We amplified two partial 16S gene sequences from each isolated DNA in separate PCR-reactions. We used the primer pair 27 F/338 R (27 F: 5′-AGAGTTTGATCCTGGCTCAG-3′/ 338 R: 5′-TGCTGCCTCCCGTAGGAGT-3′) to amplify the V1/V2 region, and the primer pair V3F/V4R (V3F: 5′-CCTACGGGAGGCAGCAG-3′/ V4R: 5′-GGACTACHVGGGTWTCTAAT-3′) for the V3/V4 hypervariable region from the same sample. Sequencing was performed on a MiSeq sequencer (Illumina). All primers contained unique identifier sequences (barcodes) to distinguish between the samples following published methods25 with an optimized primer design26.

Data processing

The raw data were processed using mothur27 version 1.38.1 following a script we optimized based on our previous studies28. In brief, we removed all sequences with deviations from the original primer and barcode sequences. We removed all sequences with ambiguous bases, a length greater than the amplified fragment, and a homopolymer length greater than 12. The sequences were aligned with the SILVA references database29, chimera were removed using the uchime algorithm30. We clustered the processed sequences into operational taxonomic units (OTU) with a global identity threshold of 97% or performed classification based analysis. Species level classification was performed using STIRRUPS using either the V1/V2 or the V3 region15.

Statistical analysis

All statistical analysis and graphical visualisations were carried out in R version 3.2.231. Differences in relative read count of taxa and alpha diversity were tested using Wilcoxon rank sum test. Simpson’s diversity index, species richness, and chao1 index were used as a measure for alpha diversity and computed using R package vegan32 based on OTUs. Heatmaps were constructed with R package BoutrosLab.plotting.general33 using the most abundant taxa. Community state types (CSTs) were assigned by euclidean distances based on relative read counts of taxa with complete linkage clustering and CSTs were assigned on the same level of the hierarchical clustering to enable unbiased CST building. Differences in the proportion of CSTs between the two methods were tested using chi-square testing. A migration plot showing the CST changes between the regions was elaborated using R packages migest34 and circlize35.

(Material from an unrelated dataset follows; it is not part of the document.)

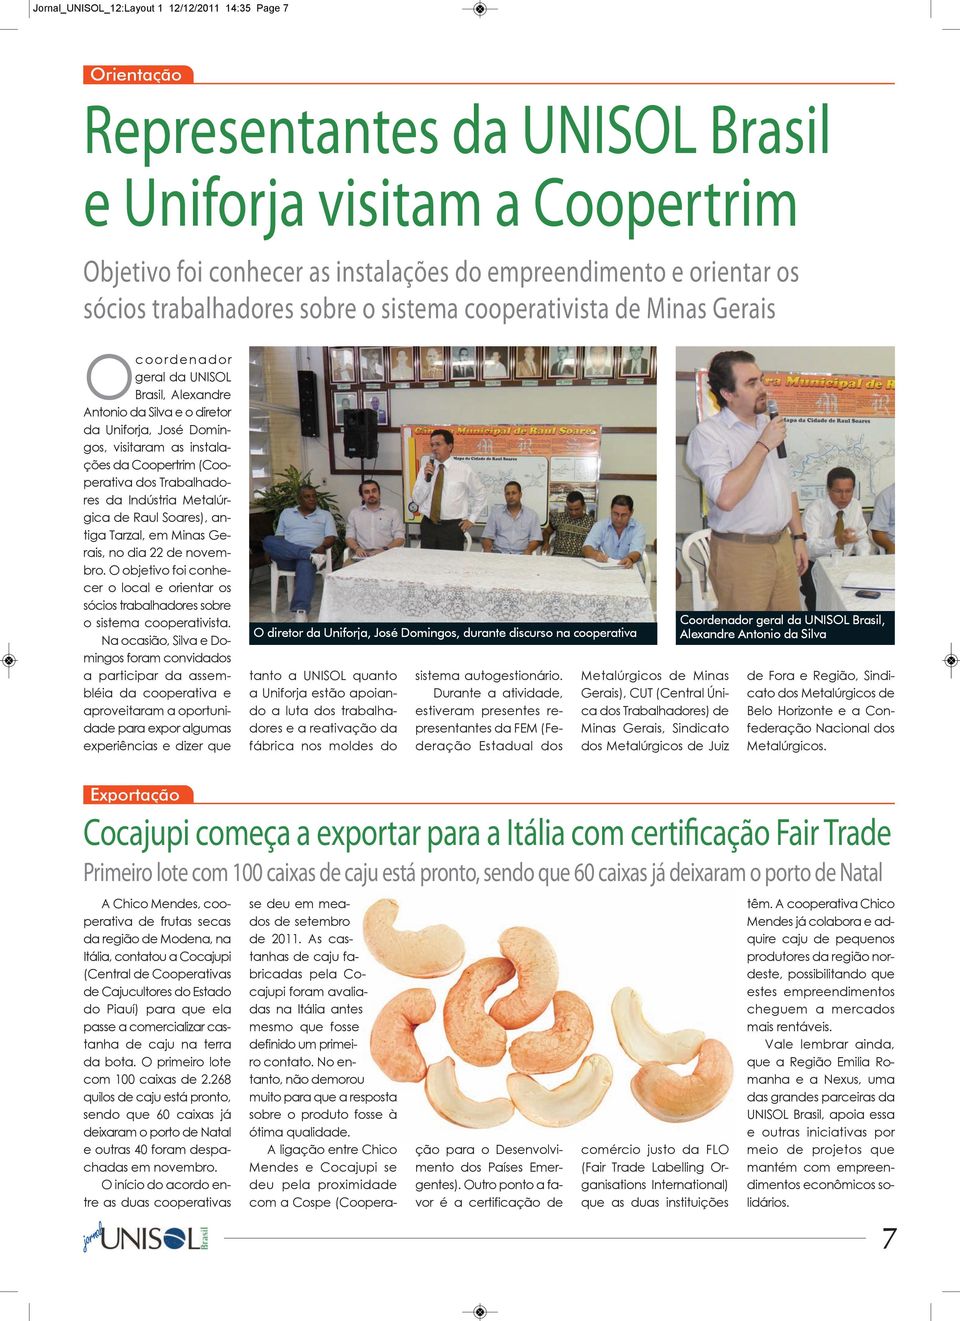 instalações da Coopertrim (Cooperativa dos Trabalhadores da Indústria Metalúrgica de Raul Soares), antiga Tarzal, em Minas Gerais, no dia 22 de novembro.

Diagnosis of Chlamydia trachomatis

Samples with reads classified as C. trachomatis in the microbiota sequencing were additionally tested by a specific PCR test to prove infection with C. trachomatis (LightMix® Kit C. trachomatis, TIB MOLBIOL) following the manufacturer’s instructions.

Identification of bacterial taxa associated with C. trachomatis-positive samples

We performed an indicator species analysis using the R package indicspecies36 for each region separately to identify bacterial taxa which associate with C. trachomatis infection with infection status as grouping variable.

Quantification of Gardnerella vaginalis

We quantified the abundance of G. vaginalis using qPCR by calculating number of bacteria within a sample using a standard curve generated from a serial dilution with known colony forming units corresponding to DNA-content. The primer sequences used were taken from elsewhere37 (forward primer sequence: CGCATCTGCTAAGGATGTTG; reverse primer sequence: CAGCAATCTTTTCGCCAACT).

Data availability

The datasets analyzed during the current study are available at the European Nucleotide Archive (ENA) with the accession number PRJEB23508.